Afin d’accroître l’offre de terrains à bâtir, le PLF 2014 devrait réformer le régime d’imposition des plus-values immobilières sur les terrains. Jusqu’à présent, plus les propriétaires patientaient pour vendre, moins la taxation du produit de la vente était importante: gelant de facto des surfaces importantes.

Cédant à la pression du «toujours moins de normes», le gouvernement prévoit l’instauration d’un moratoire de deux ans sur l’instauration de nouvelles normes techniques. A cela s’ajoute l’examen en cours de toutes les normes existantes, prélude à un dégraissage probable.
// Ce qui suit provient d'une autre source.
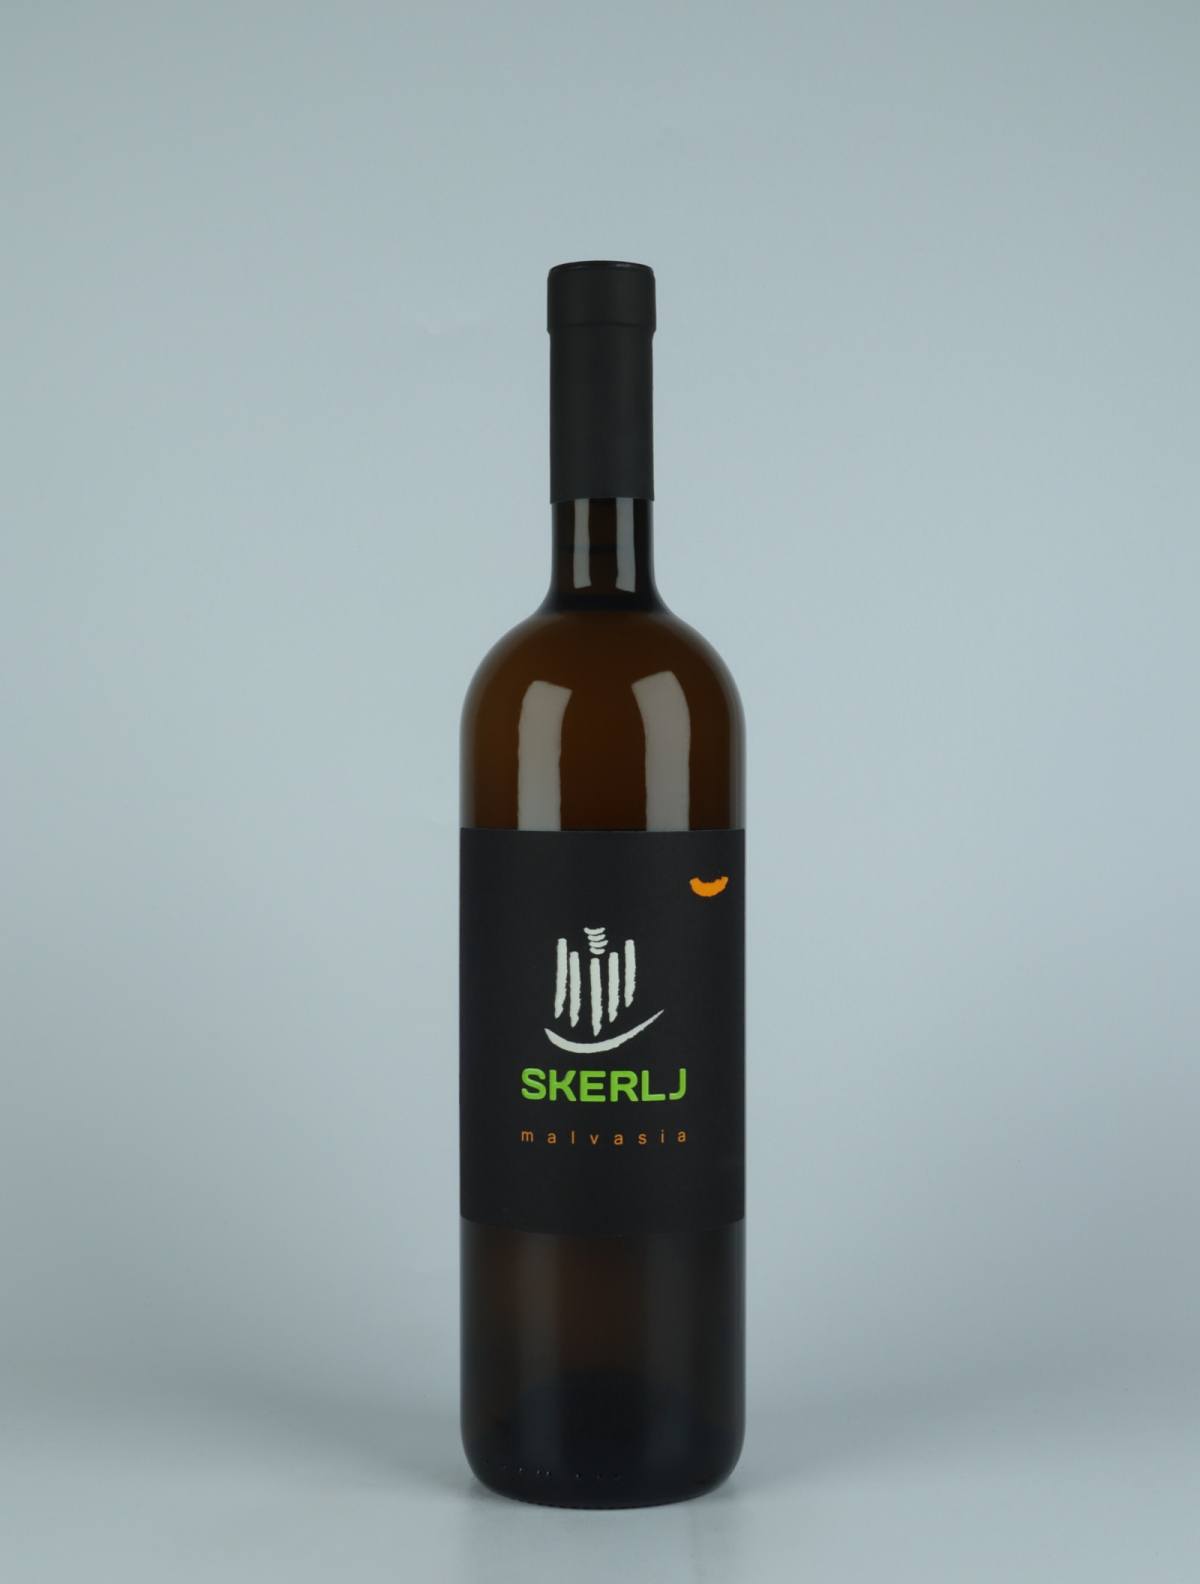 En flaske 2020 Malvasia Orange vin fra Skerlj, Friuli i Italien

Les travaux devenant techniquement plus simples, ils seront facilités. Pour guider les futurs donneurs d’ordre, un guichet unique de la rénovation énergétique sera mis en place dans chaque territoire. Il réunira les dispositifs existants (espaces info énergie et ambassadeurs de la rénovation énergétique, notamment) et sera accessible via un numéro national unique et un portail internet.

En complément des dispositifs existants (crédit d’impôt développement durable, éco-prêt à taux zéro), les ménages «ayant des revenus modestes et moyens» (les deux tiers des Français) pourront solliciter une prime de 1.350 €. Coût pour l’Etat: 500 M€ sur deux ans pris sur les fonds des Investissements d’avenir.
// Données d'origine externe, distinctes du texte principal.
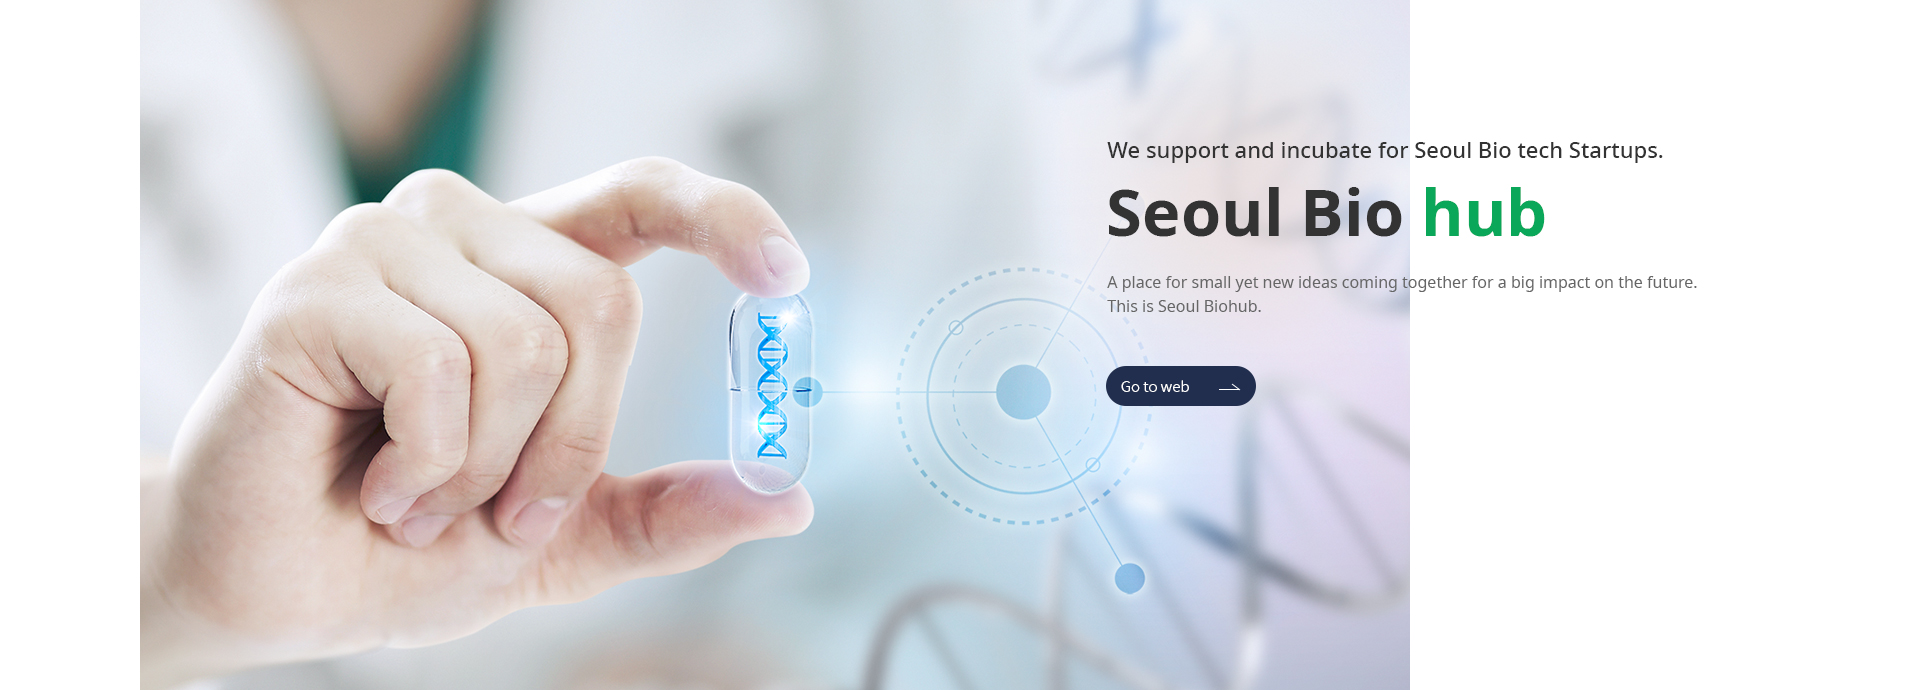 Seoul Bio hub

La Caisse des dépôts devra accroître ses subventions aux bailleurs sociaux (de 1.115 € par logement) pour les opérations de rénovation thermique de leur parc.

Sans surprise, la Fédération française du bâtiment (FFB) se félicite de la publication du plan d’urgence. Dans un communiqué, la puissante FFB souligne qu’il «apporte des solutions rapides sur les sujets fondamentaux du développement de l’offre foncière et de la densification», « soutient la réalisation de l’objectif de 150.000 logements sociaux», qu’il améliore «le parc existant au rythme annuel de 500.000 logements».

Moins dithyrambique, Matthieu Orphelin (Fondation Nicolas Hulot, FNH) estime, quant à lui, que les mesures du jour «vont dans le bon sens mais sont loin de rendre possible la réalisation de l’engagement de 500.000 rénovations énergétiques par an». Et l’ancien responsable de l’Agence de l'environnement et de la maîtrise de l'énergie (Ademe) de regretter la non-application du tarif réduit de TVA aux travaux de rénovation et la faiblesse de la prime aux ménages «modestes et moyens».

Surfant sur les propositions récemment faites par le plan Bâtiment durable, l’élu Europe Ecologie-les Verts préconise la création d’une banque publique dédiée à la rénovation thermique des bâtiments, financée grâce au relèvement des plafonds du Livret A et du LDD. Dotée de 5 à 10 Md€, ladite banque pourrait financer des tiers investisseurs, comparables à la Société publique locale (SPL) d'efficacité énergétique, récemment créée par 11 collectivités rhône-alpines [JDLE].